Я тоже хочу есть, но мама говорит, сначала надо сварить лук для Оливера.
Она разжигает огонь в камине, разрезает луковицу пополам, бросает одну половинку в кипящее молоко, добавляет немного масла и перца. Потом усаживает Оливера к себе на колени и пытается напоить его отваром, но Оливер отворачивается и смотрит в огонь.
– Ну же, миленький, давай, пей, – уговаривает мама. – Вырастешь большим и сильным.

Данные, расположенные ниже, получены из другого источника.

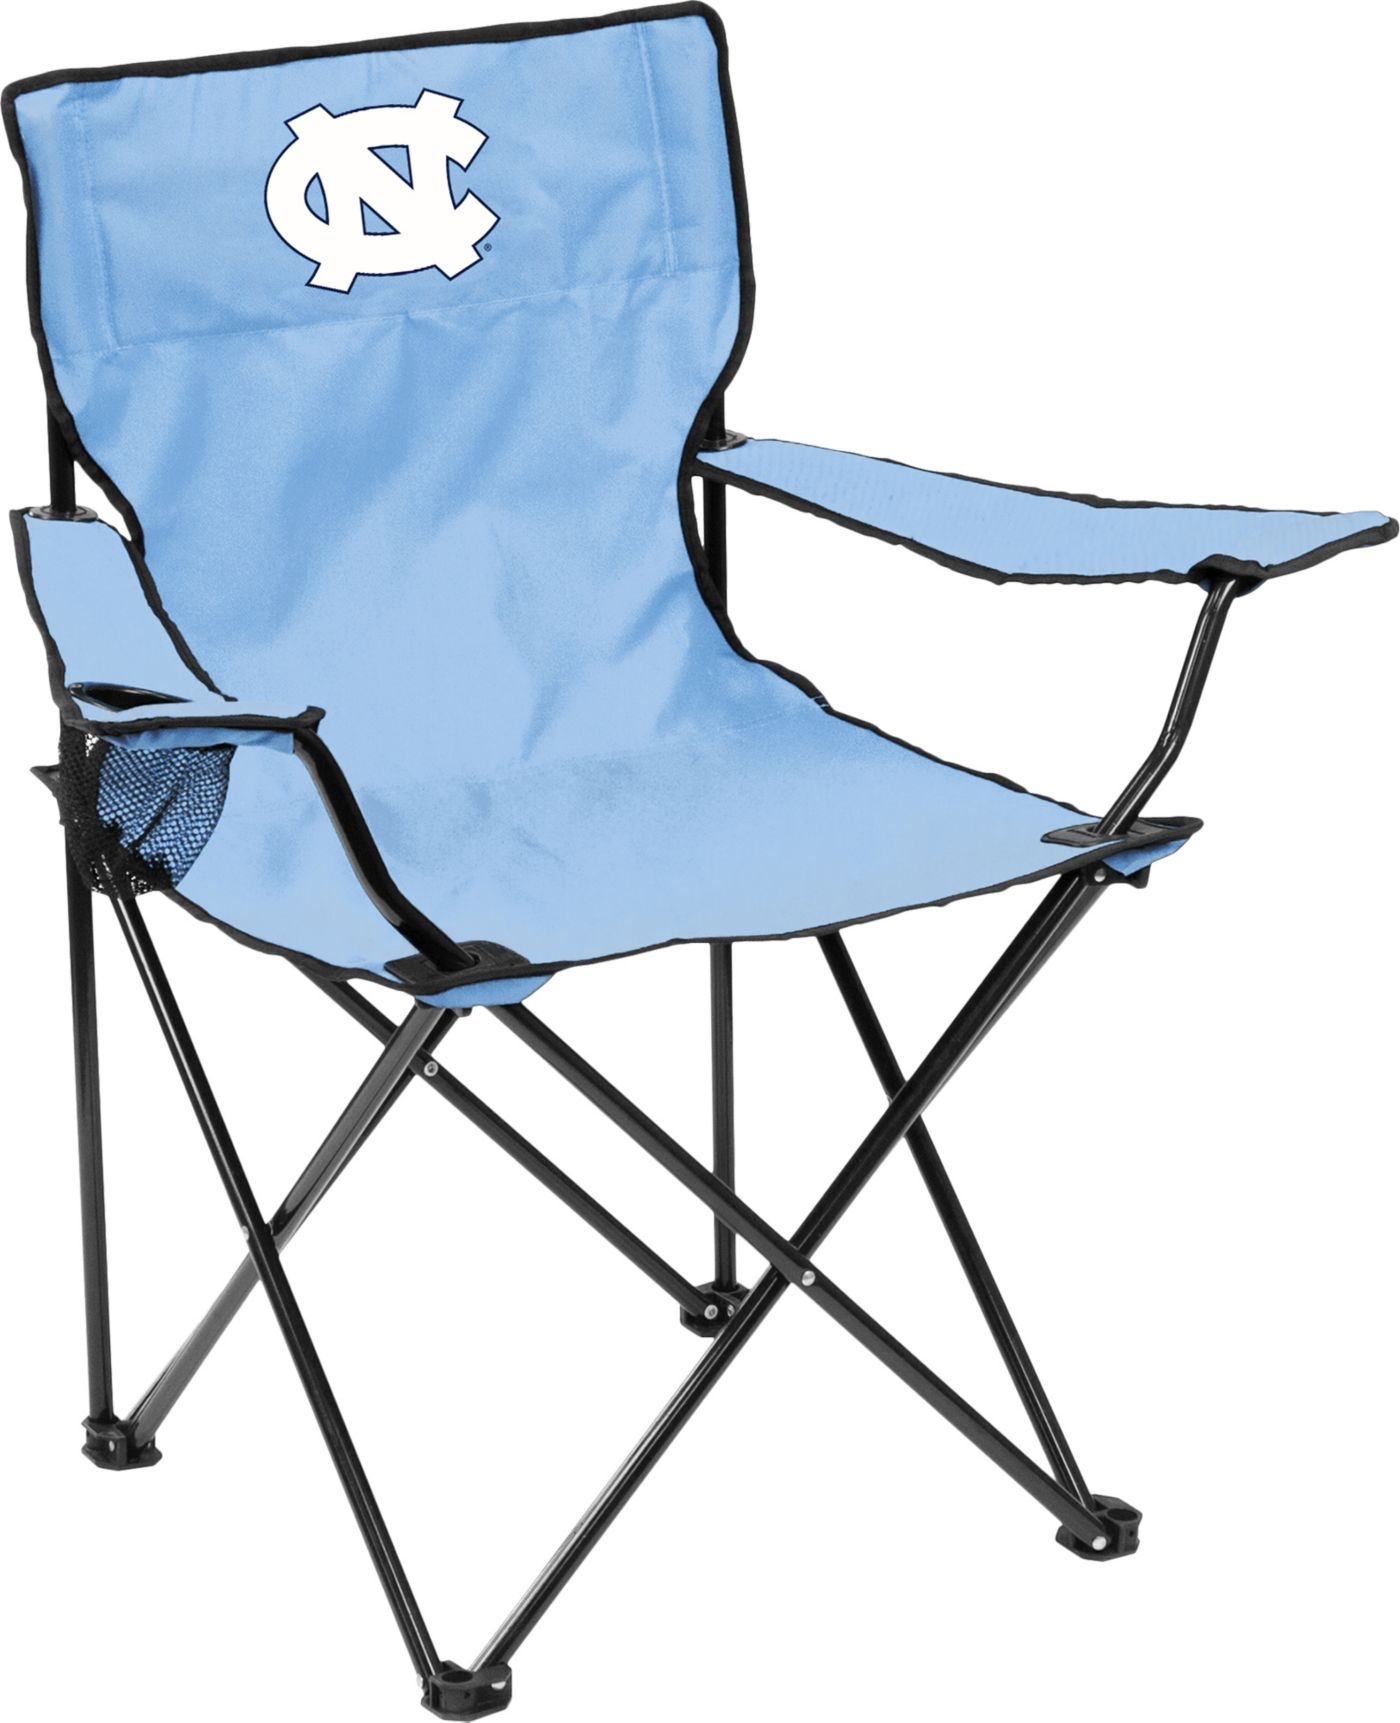 North Carolina Tar Heels Team-Colored Canvas Chair

Оливер сжимает губы. Мама отставляет кастрюльку, качает Оливера, а когда он засыпает, кладет его на постель, и велит нам не шуметь, а не то она не знает что с нами сделает. Потом мелко режет оставшуюся половинку луковицы и обжаривает ее в масле с кусочками хлеба. Мы сидим на полу у камина, едим жареный хлеб и пьем ужасно сладкий чай из стеклянных банок.
– Огонь так разгорелся, – говорит мама, – что лампу можно выключить, все равно пока на газ денег нет.
В комнате становится тепло; языки пламени в камине похожи то лица, то на горы и долины, то на скачущих зверей. Юджин засыпает на полу, и папа переносит его на постель к Оливеру. Мама ставит кастрюльку с луком на каминную полку, чтоб ни одна мышь или крыса не добралась. Говорит, что совсем умаялась за день: сначала Общество Святого Викентия, потом лавка миссис Макграт, уголь на дороге, а теперь Оливер лук не ест, и если завтра будет так же, придется к доктору идти, так что сейчас она идет спать.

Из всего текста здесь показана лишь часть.